◆ **EXERCISE**
Your copy starts at the line containing "Tortue de mer" and ends at the last line of the material below. Reproduce those lines exactly, with no pictures.

◆ **INFORMATION SUPPLIED**

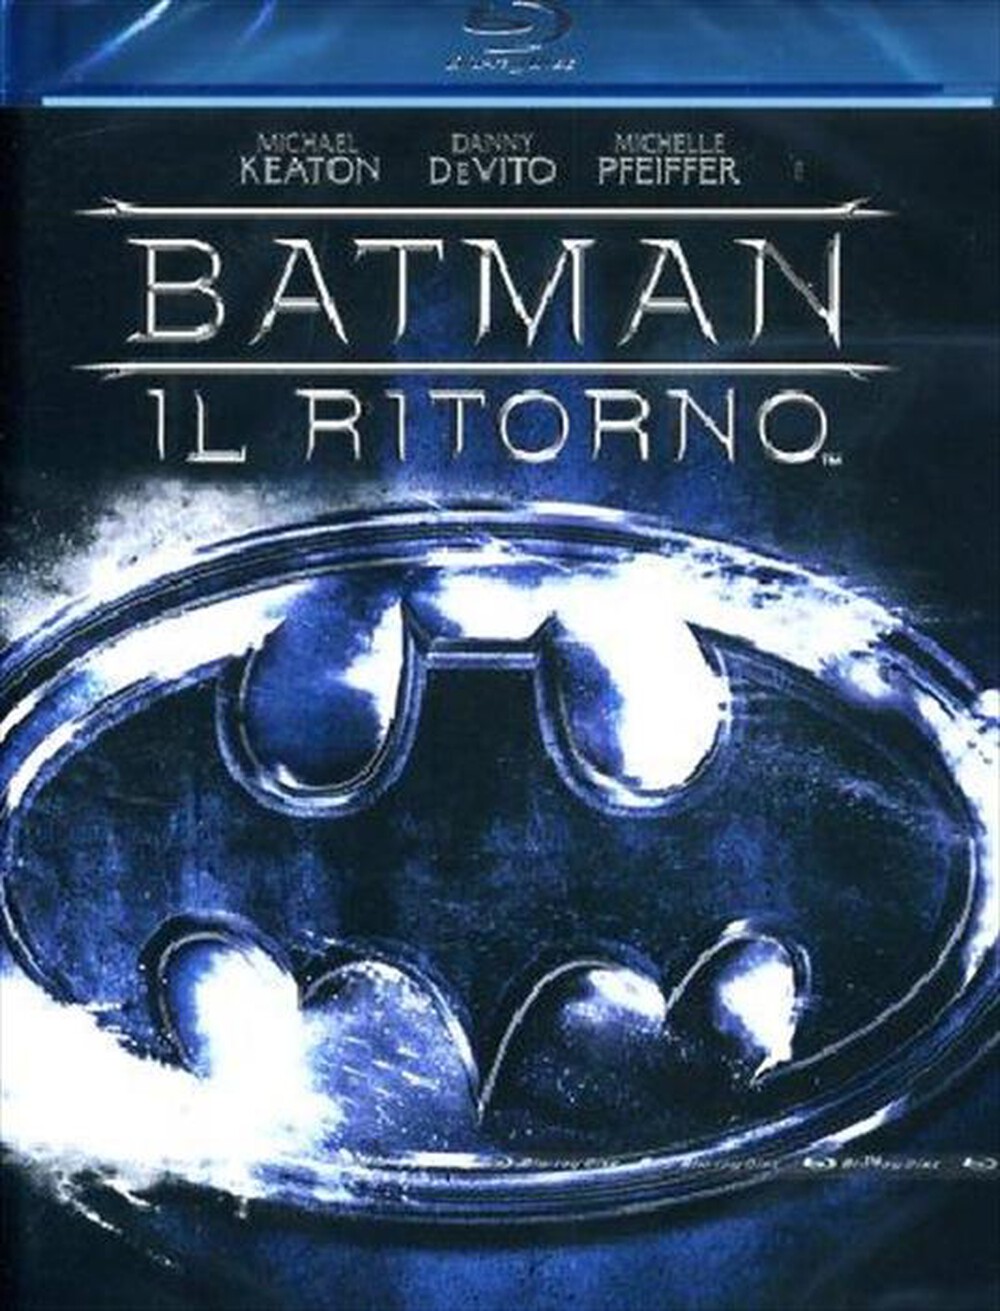 "WARNER HOME VIDEO - Batman Il Ritorno - "
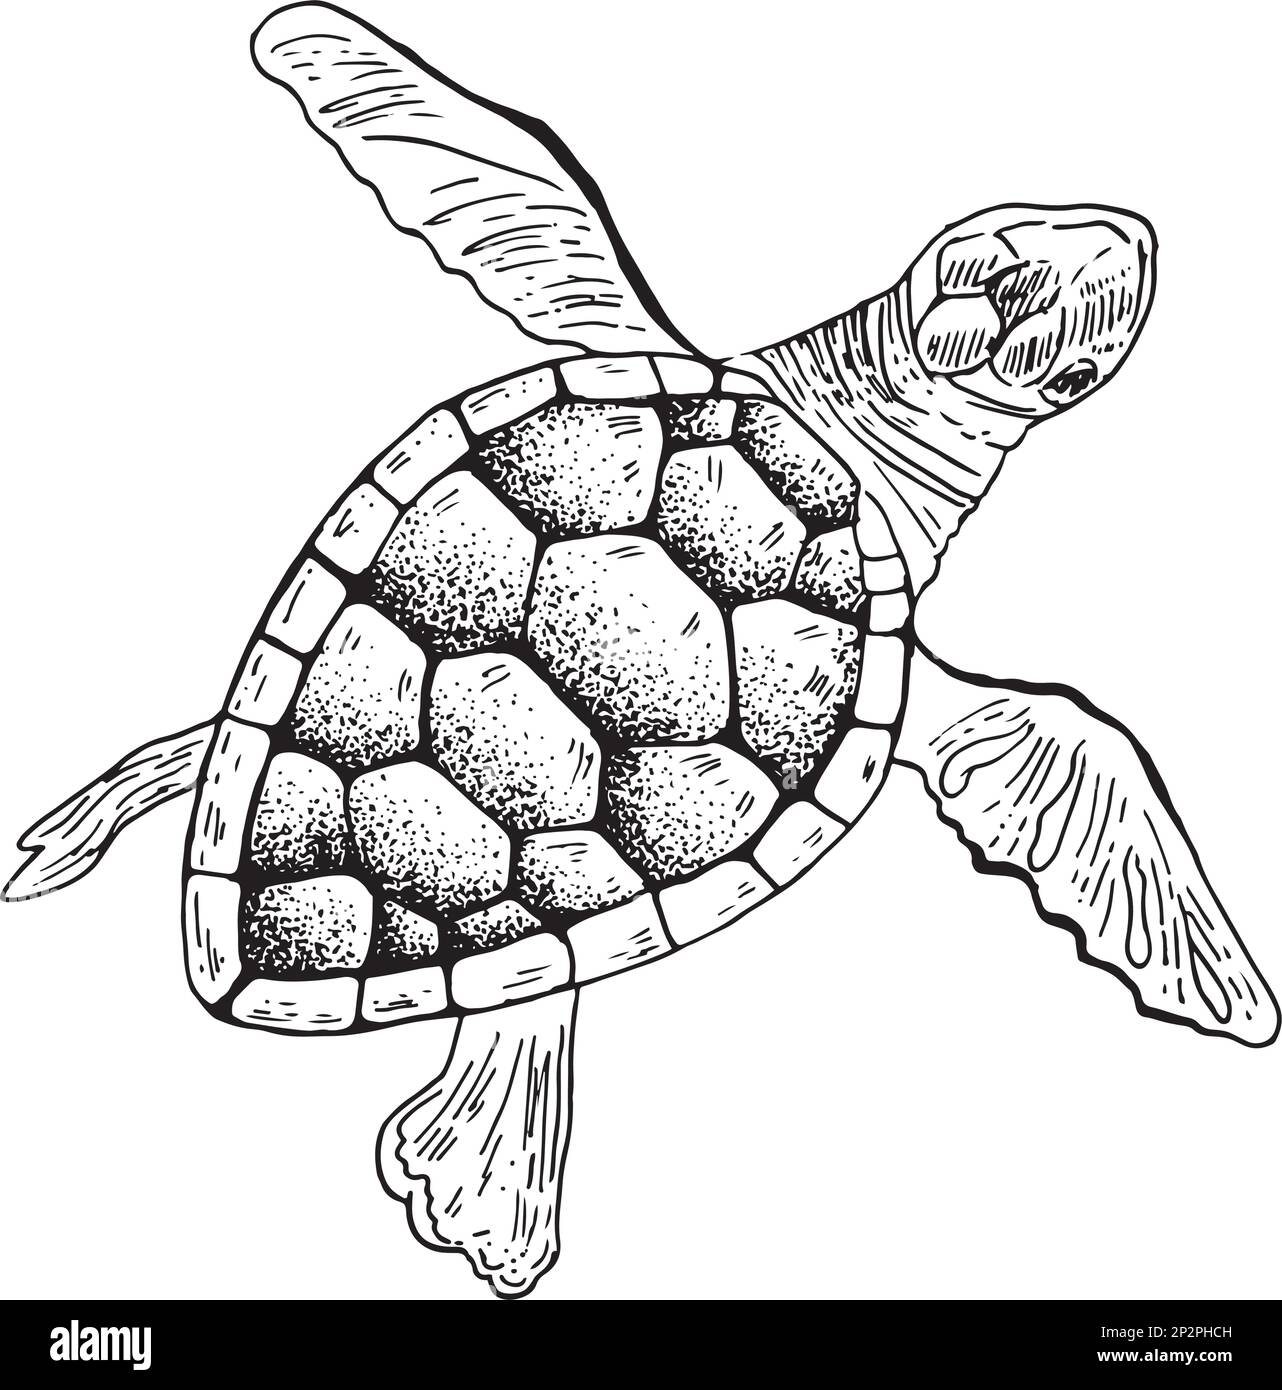 Tortue de mer dessin à la main dessin de style gravure animaux sous-marins illustration vectorielle Illustration de Vecteur
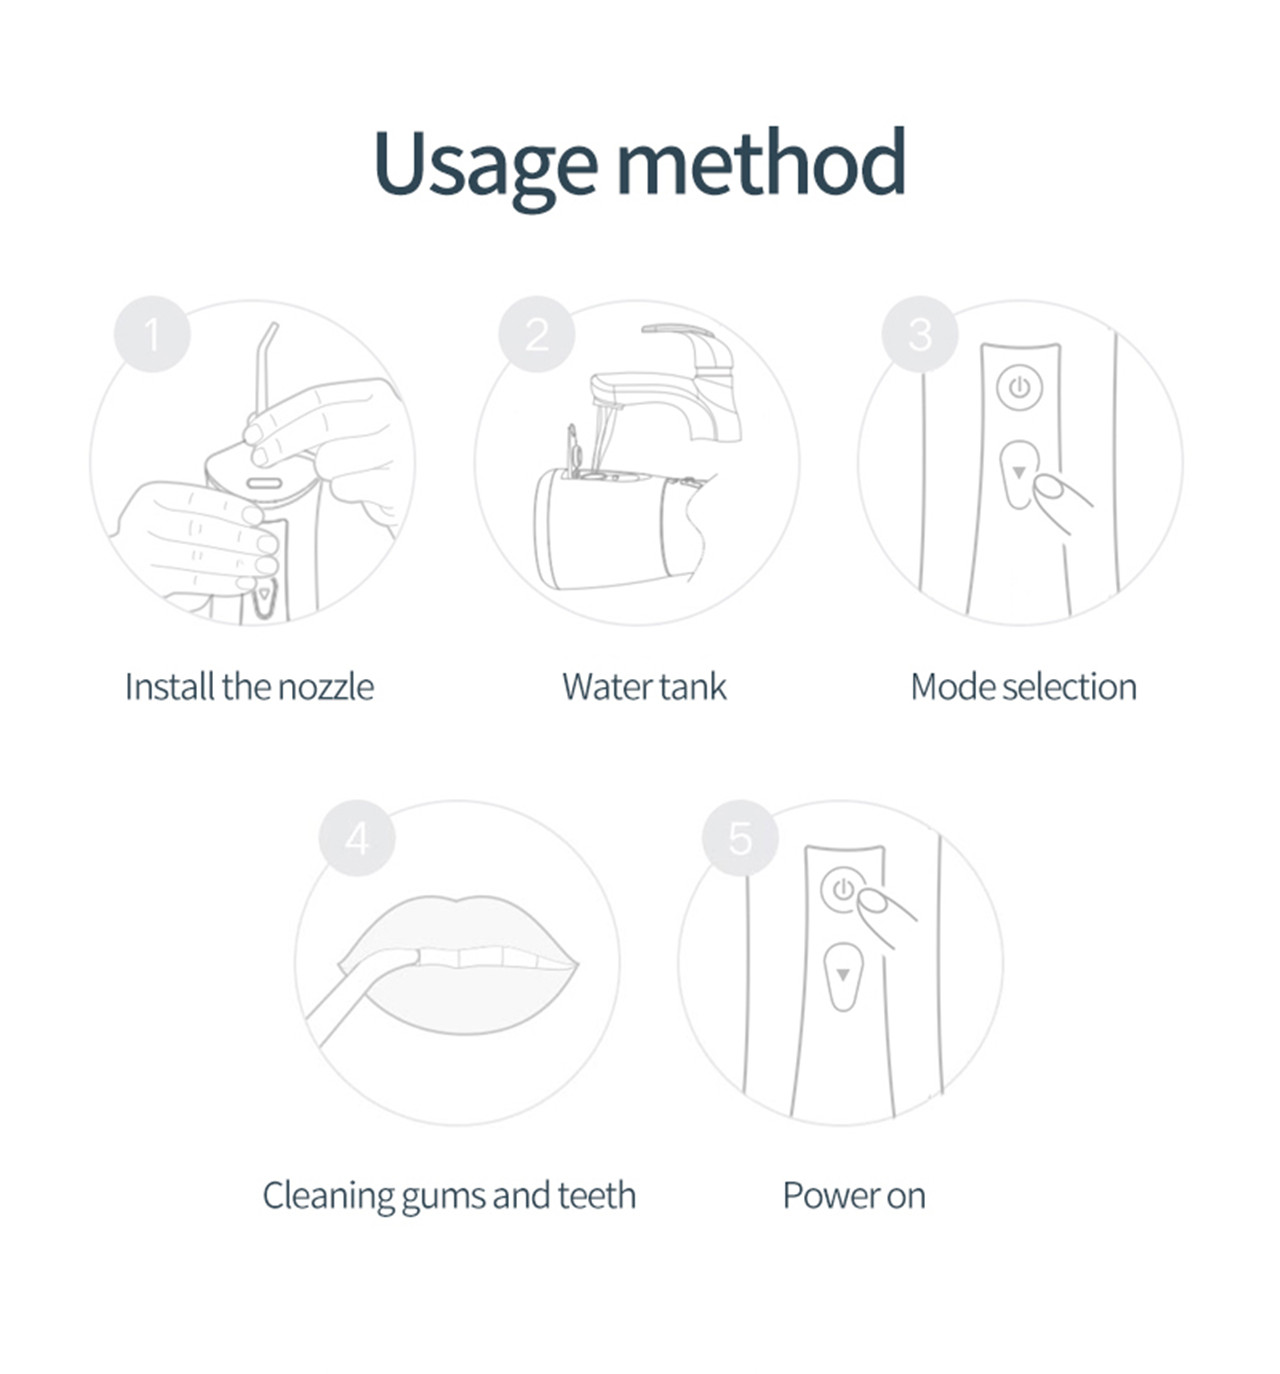 OLED-skjerm for munnskylling av vannplukker for tannbleking (9)

◆ **ANSWER FOR THE TASK**
 Tortue de mer dessin à la main dessin de style gravure animaux sous-marins illustration vectorielle Illustration de Vecteur
 OLED-skjerm for munnskylling av vannplukker for tannbleking (9)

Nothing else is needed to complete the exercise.